My attempt uses some libraries:
- OpenCSV
- apache.commons.collections4 (MultiValuedMap & ArrayListValuedHashMap)
To quickly learn how to use OpenCSV I recommend reading the official documentation. Took me a day to read half of it and was enough for me to know how to read from a file:
https://opencsv.sourceforge.net/index.html#developer_documentation
collections4 is to support OpenCSV operations.
First step is to read csv file using OpenCSV. In my attempt I use annotations to quickly read the file into a class object.
@CsvBindByName(column="Country/Region",required=true)
private String country;
@CsvBindAndJoinByName(column="[0-9]{1,2}/[0-9]{1,2}/[0-9]{1,4}", elementType = String.class, mapType = ArrayListValuedHashMap.class)
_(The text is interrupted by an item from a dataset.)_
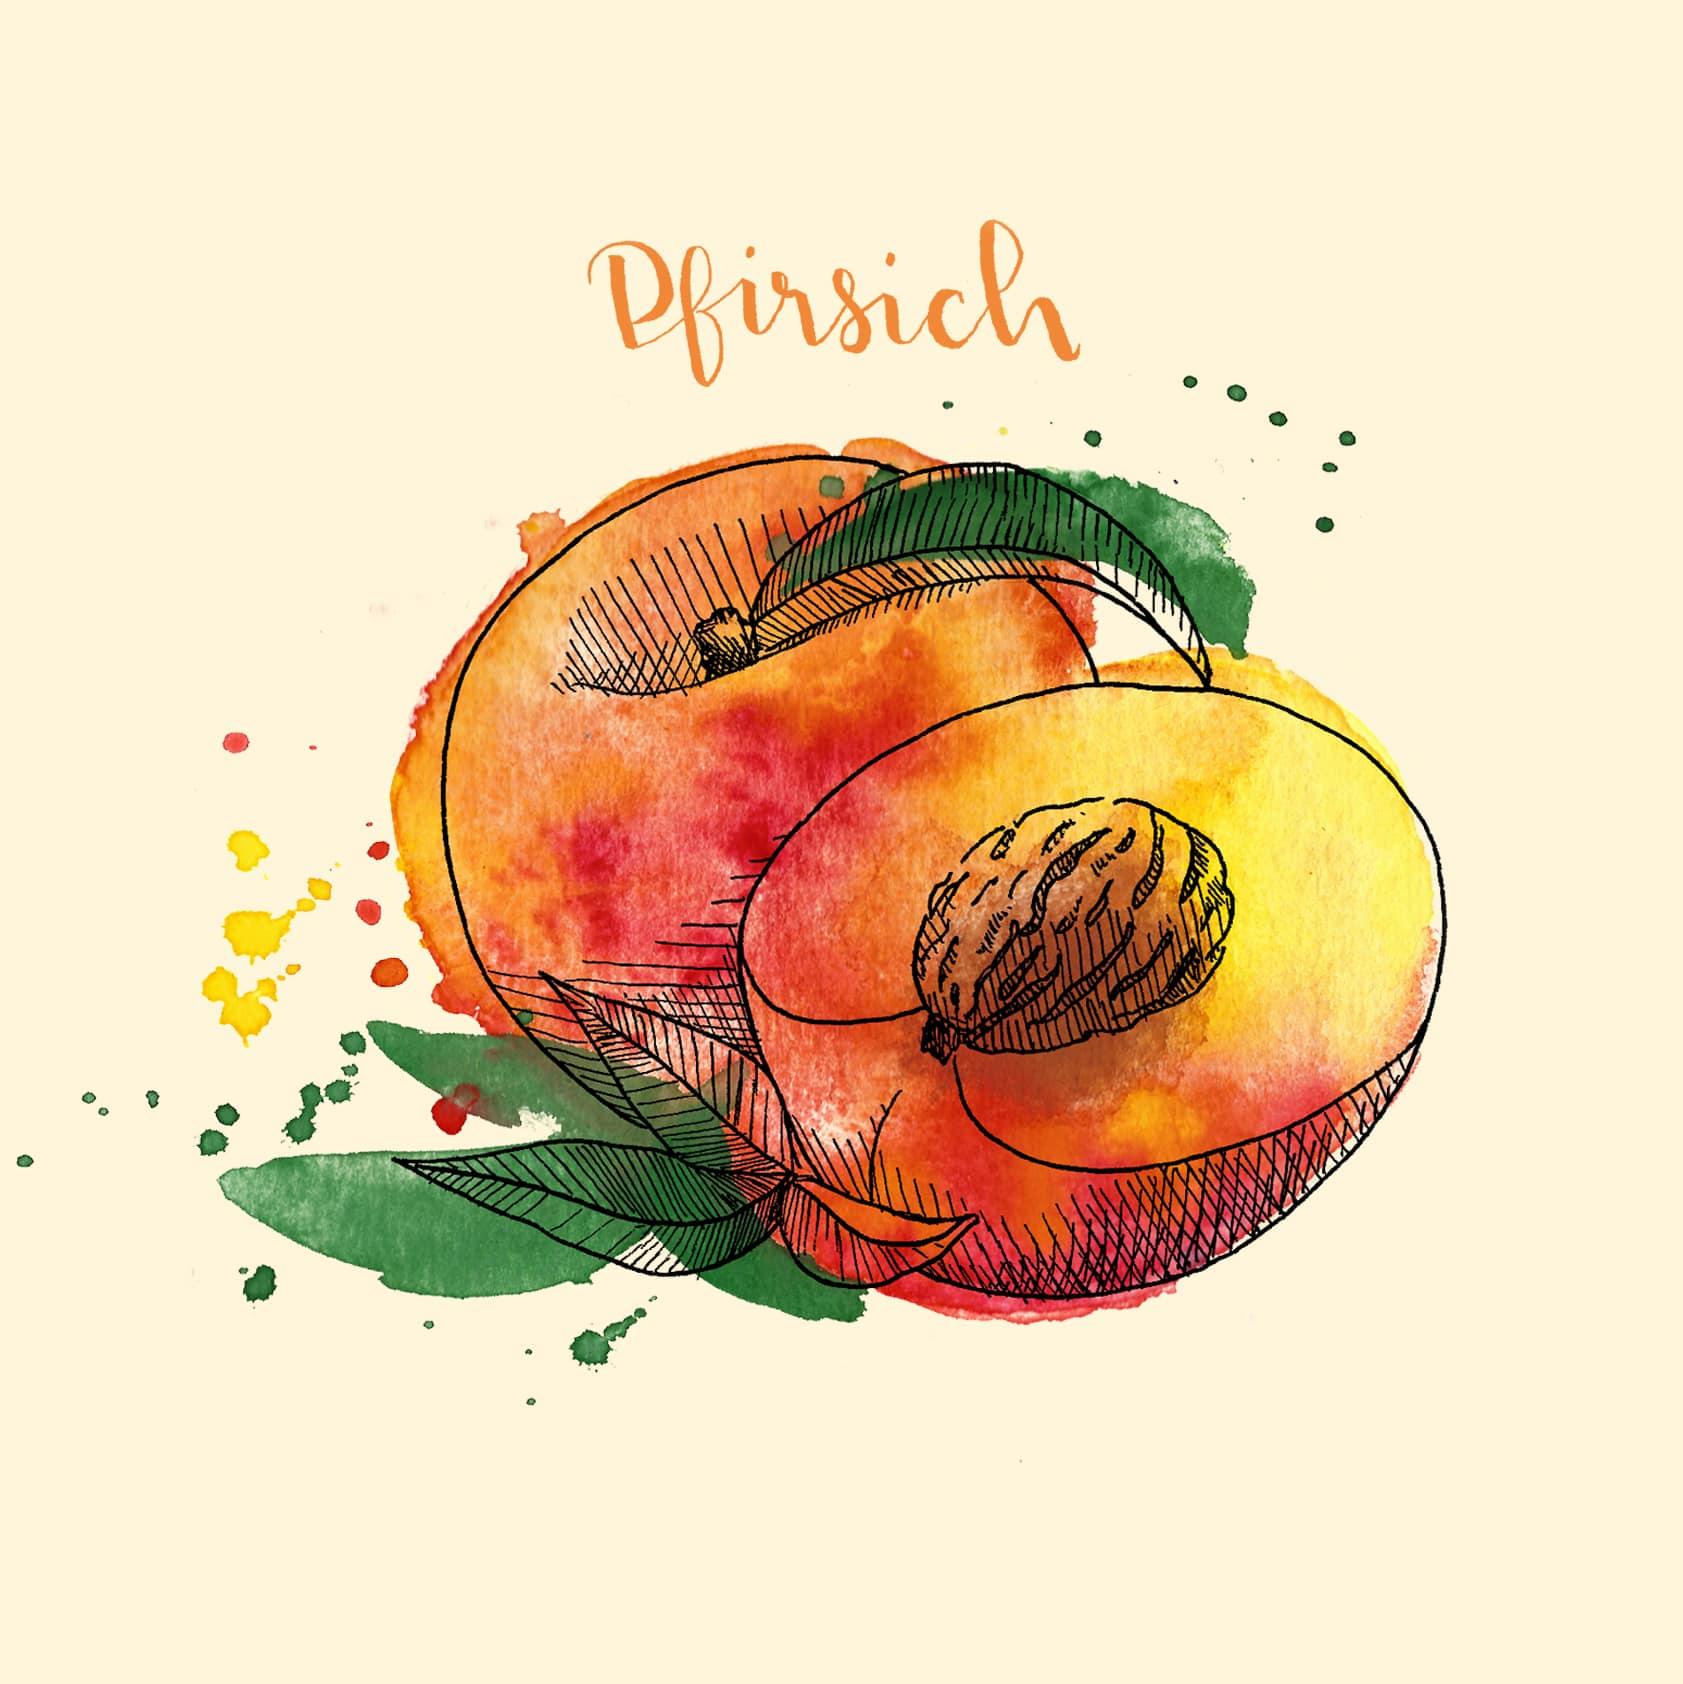 Schöne Pfirsich-Illustration

private MultiValuedMap<String,String> casesByDate;
Firstly, because OpenCSV does not read the file in sorted order (from my knowledge autosort function is not available for MultiValuedMap), the Date Columns and Country rows will not be sorted.
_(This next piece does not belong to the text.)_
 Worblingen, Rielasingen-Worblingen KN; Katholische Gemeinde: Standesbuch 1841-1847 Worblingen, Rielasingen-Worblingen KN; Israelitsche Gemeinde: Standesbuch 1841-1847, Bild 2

My solution is to create a new variable which stores the sorted data:
private TreeMap<LocalDate, Integer> sortedCasesByDate = new TreeMap<>();
Below is the method used to populate sortedcasesBydate:
public CasesByCountry addToSortedCasesByDate(MultiValuedMap<String,String> map) {
DateTimeFormatter dateFormat = DateTimeFormatter.ofPattern("M/d/yy");
for(String key:map.keys()){
sortedCasesByDate.put(LocalDate.parse(key,dateFormat),Integer.valueOf(map.get(key).toString().replaceAll("[\\[\\]]","")));
}
return this;
}
Full code of class file (annnotated for rows/Beans of Countries):
imports ...
public class CasesByCountry {
@CsvBindByName(column="Country/Region",required=true)
private String country;
@CsvBindAndJoinByName(column="[0-9]{1,2}/[0-9]{1,2}/[0-9]{1,4}", elementType = String.class, mapType = ArrayListValuedHashMap.class)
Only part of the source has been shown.